Kepalaku menggeleng. Jelas tidak ada keyakinan yang sempurna tentang lelaki itu akan datang kepadaku lalu menyatakan cinta.

"Dia baca novel kamu?" tanyanya lagi. Meisya seakan meyakinkan aku bahwa sungguh tidak mungkin terjadi.

"Aku tidak tahu, mau baca ataupun tidak aku berharap bisa melepaskan segala perasaanku setelah berhasil menuliskannya dalam sebuah karya."

"Tapi, belum ada yang berubah dari perasaanku."

Setelah lulus dari sekolah aku memutuskan untuk pergi kuliah di Bandung. Sayangnya, rencana tinggal rencana. Penyakit endemi yang merebak keseluruh kota di dunia muncul, segala aktivitas diluar menjadi terkurung hanya dalam rumah melalui media online. Covid-19 memerangkap semuanya. Kuliahku pun begitu, aku menjalaninya secara online. Semua terkurung dan begitu juga perasaanku.

Niatnya, melanjutkan kuliah jauh dari kota asalku supaya dengan mudah melupakan lelaki itu. Sahabat sekaligus cinta pertama yang walaupun sudah aku ketahui sedang mengejar teman sekelasku sendiri.

Selama menjalani kehidupan yang nyaris dilakukan dalam rumah tidak pernah ku lewatkan untuk melakukan scrool media sosial. Dari sana aku bisa berhubungan, melihat kegiatan teman-temanku yang juga kuliah secara online ataupun pekerjaan mereka. Bahkan, tidak pernah ketinggalan mengetahui kegiatan lelaki itu. Sampai suatu ketika aku melihat ia memposting salah satu perempuan yang sudah bisa di kenali dia adalah Shara, perempuan yang sedang di dekatinya.

Kamu akan kalah dengan wanita yang dia cintai.

Kalimat itu jelas selalu terbayang di kepalaku. Sebelumnya aku berniat menyatakan perasaan kepada laki-laki itu karena sejak masuk sekolah aku merasakan jatuh cinta kepadanya hingga kini kita sudah berada pada waktu kelulusan yang mungkin saja akan berpisah. Begitulah cara kerja waktu setelah lulus dari sekolah setiap orang akan memiliki tujuan masing-masing, bisa saja orang yang ingin bersama malah terpisah begitu sebaliknya.
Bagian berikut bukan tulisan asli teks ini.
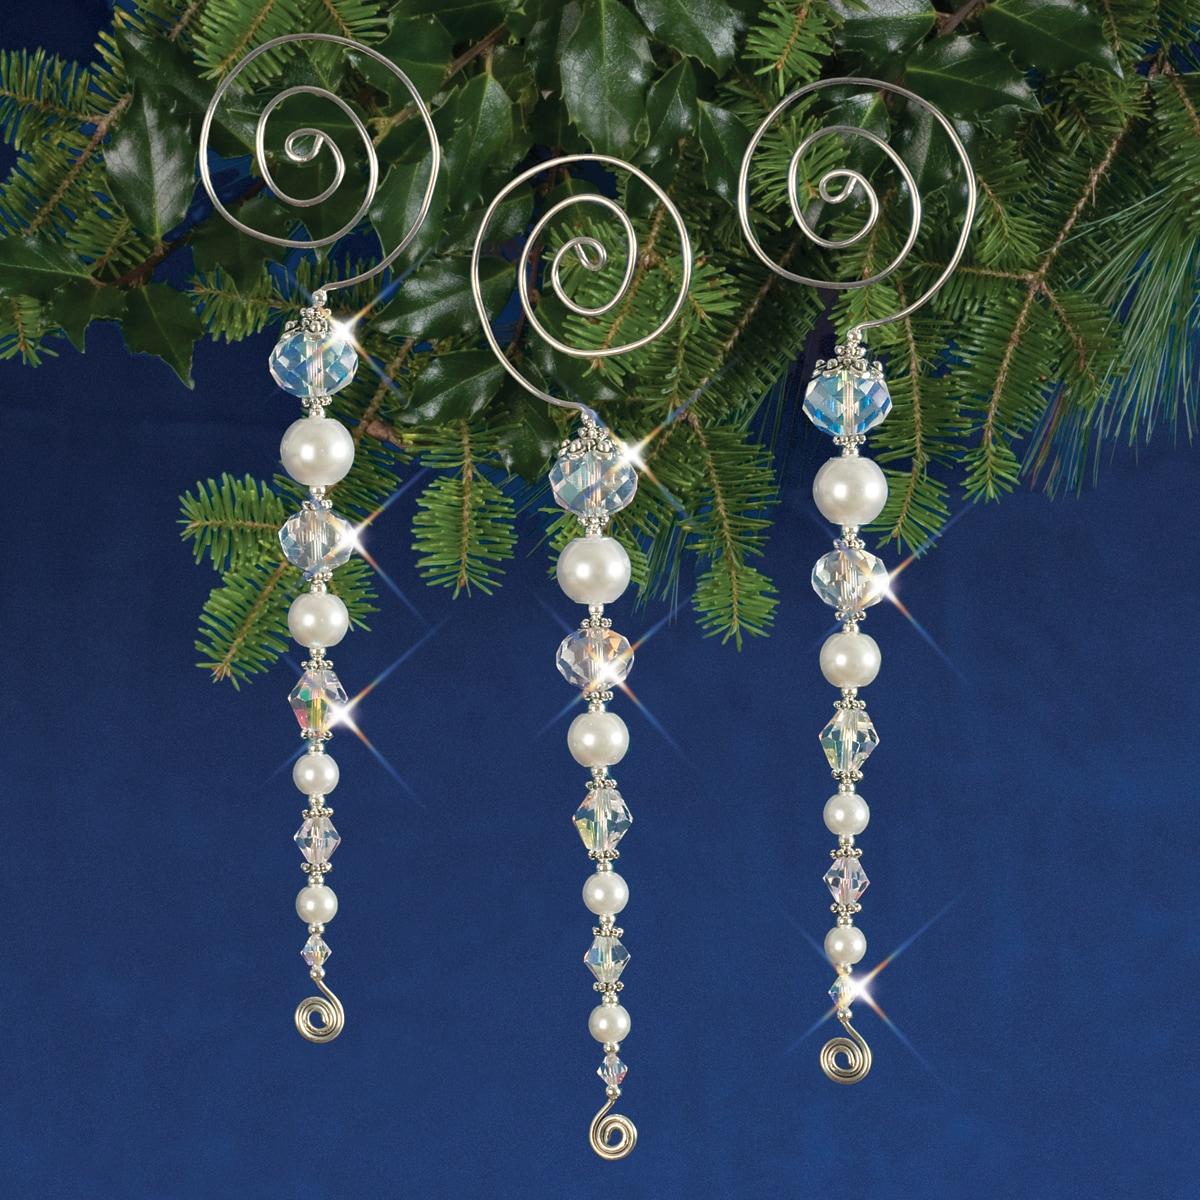 Solid Oak Holiday Beaded Ornament Kit-Vintage Icicles Mak...

"Ini sudah tahun ketiga setelah kelulusan, bahkan kamu sudah mem-blokir nomornya, bukan?"

Walaupun aku menutup seluruh akses untuk berhubungan dengannya bukan berarti mudah untuk melupakan dia. Nampaknya, kenangan tentangnya lebih banyak sehingga sulit terlupakan.

"Seharusnya kamu tidak mengingat hal yang pernah kalian lakukan bersama. Kamu tahu, kan. Kamu akan kalah dengan-" aku langsung menyambungkan kalimat yang akan Meisya katakan.
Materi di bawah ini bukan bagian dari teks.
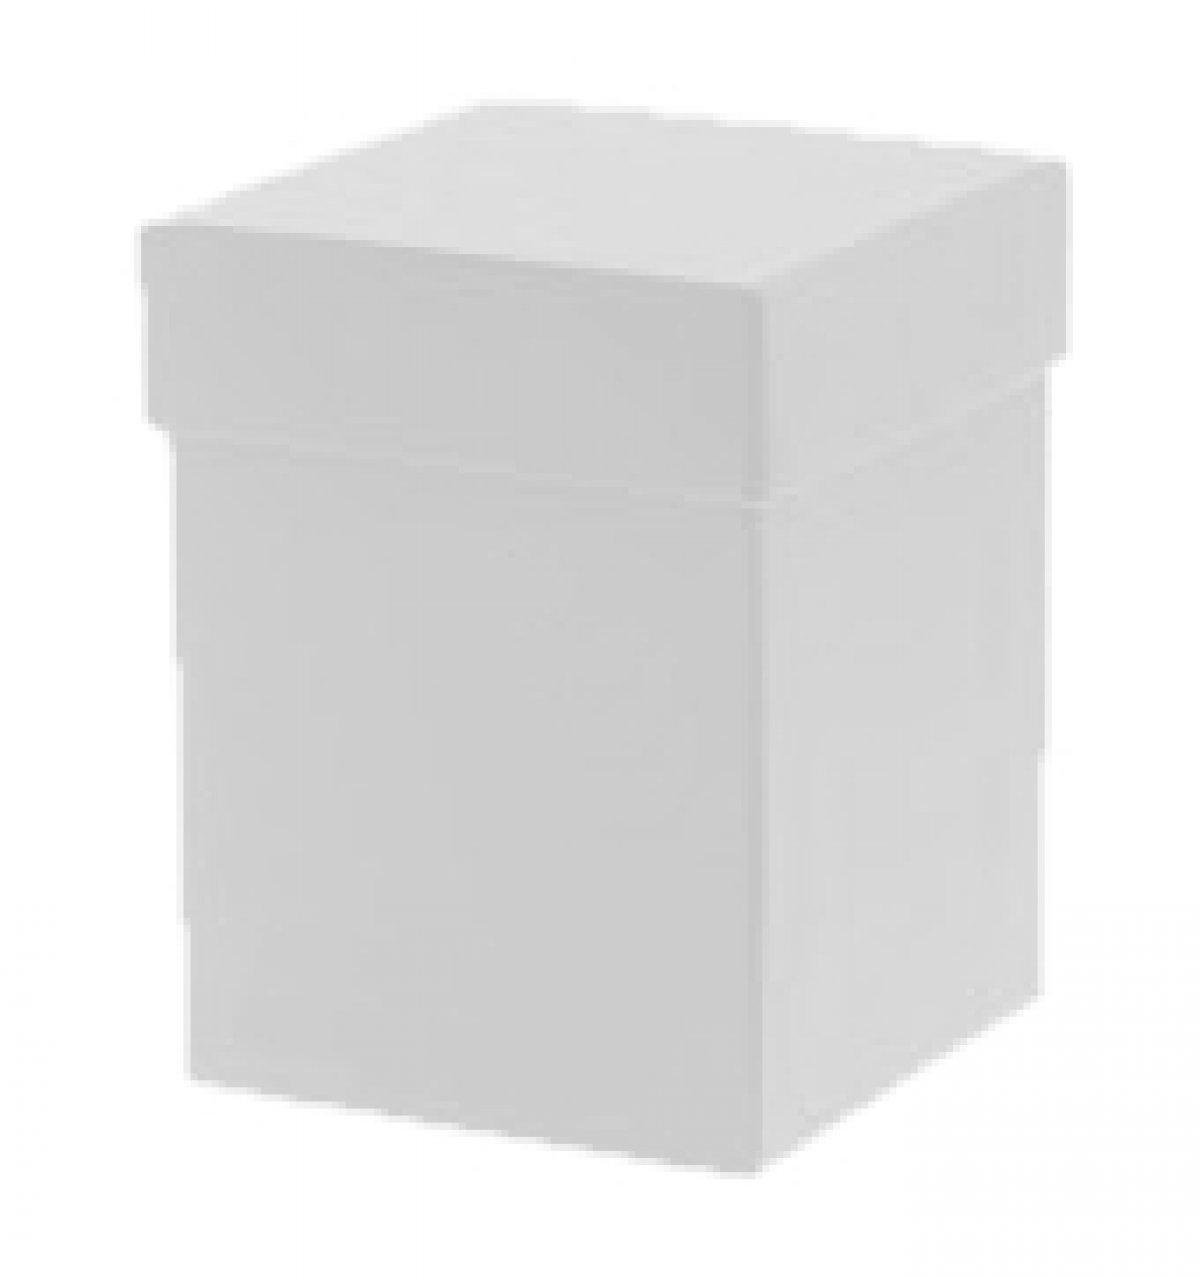 boite cloche blanche pour bougies 180g. Black Bedroom Furniture Sets. Home Design Ideas

Kalimat yang selalu terbayangi dalam kepalaku. Namun, tidak pernah mampu membantuku melupakan dia.

"Terus, apa lagi cara yang akan kamu lakukan?" Meisya bertanya hal yang sama seperti enam bulan lalu saat kita bertemu. Pertemuan aku dengan Meisya hanya bisa dilakukan beberapa bulan sekali karena memiliki waktu temu yang sulit, Meisya sedang menjalani kuliah di kota asalku sedangkan aku berada di Bandung sejak enam bulan lalu.

"Mungkin, aku tidak akan menulis dengan tokoh sama seperti kedua novelku yang terakhir terbit kemarin." jawabku dengan helaan napas. Bahwa sesungguhnya akupun tidak yakin itu akan berhasil, tapi mencoba tidak akan salah.
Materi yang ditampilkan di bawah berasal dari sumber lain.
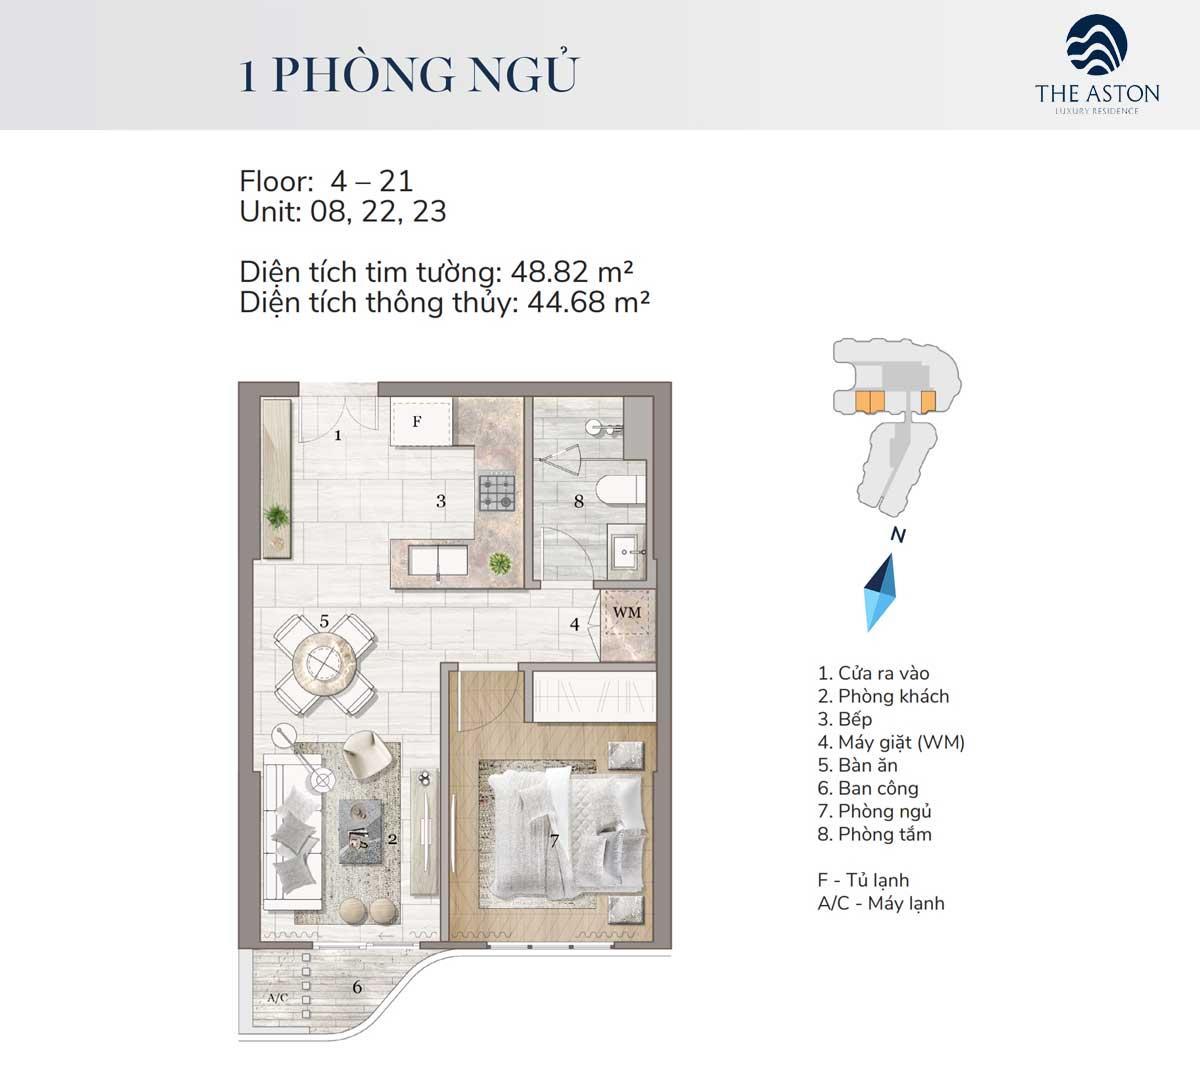 thiet ke can ho 1 phong ngu the aston luxury residence nha trang - THE ASTON LUXURY RESIDENCE NHA TRANG

Seorang pelayan membawa pesanan nasi bakar dan juga seblak sesuai menu favorit yang selalu kami berdua pesan ketika berkunjung di kedai ini. Tempatnya tidak terlalu ramai dan yang paling kusenangi adalah menu disini. Hampir seluruh menunya aku sukai. Meisya menggeser piring yang terbuat dari gerabah berisi nasi bakar dihadapanku, satu-satunya sahabat yang begitu peduli.

"Makan dulu! Gak ada habis-habisnya cerita tentang dia, aku bosan tapi kamu tidak sepertinya." kubuka lidi yang digunakan sebagai pengikat daun pada nasi bakar itu, aromanya menyerebak ketika terbuka. Perutku akhirnya lelah juga membicarakan lelaki itu sehingga butuh asupan kembali sebagai tenaga.

Saat sendokan ketiga aku teringat sesuatu, tanganku ikut spontan menepuk pundak Meisya nyaris membuatnya tersedak jika tidak buru-buru menyedotkan jus Alpukat yang tinggal tersisa setengah. "Selain kebiasaan mengingat masa lalu kamu juga suka mengagetkan orang, ya!" protes Meisya.

"Kamu ingat tidak alasan buku keduaku masih dia tokohnya tapi dijudul yang berbeda?"

"Karena kamu ingin memberikan penawaran pada tokoh itu bisa melangkah atau memilih berhenti saja. Dengan arti...?" Meisya meletakkan sendok yang hendak masuk ke mulutnya lagi, ia kembali menatapku serius.

"Ya." aku mengangguk. Seolah ada tali penyambung antara otakku dan Meisya. Kita seolah paling paham isi pikiran masing-masing.

"Aku harus menawar diriku sendiri tentang perasaanku sendiri. Apa aku kurang tegas selama ini?"

"Thats my point!!" Meisya tersenyum sumringah, wajahnya begitu bahagia seperti anak yang menemukan permen lolipop di warung.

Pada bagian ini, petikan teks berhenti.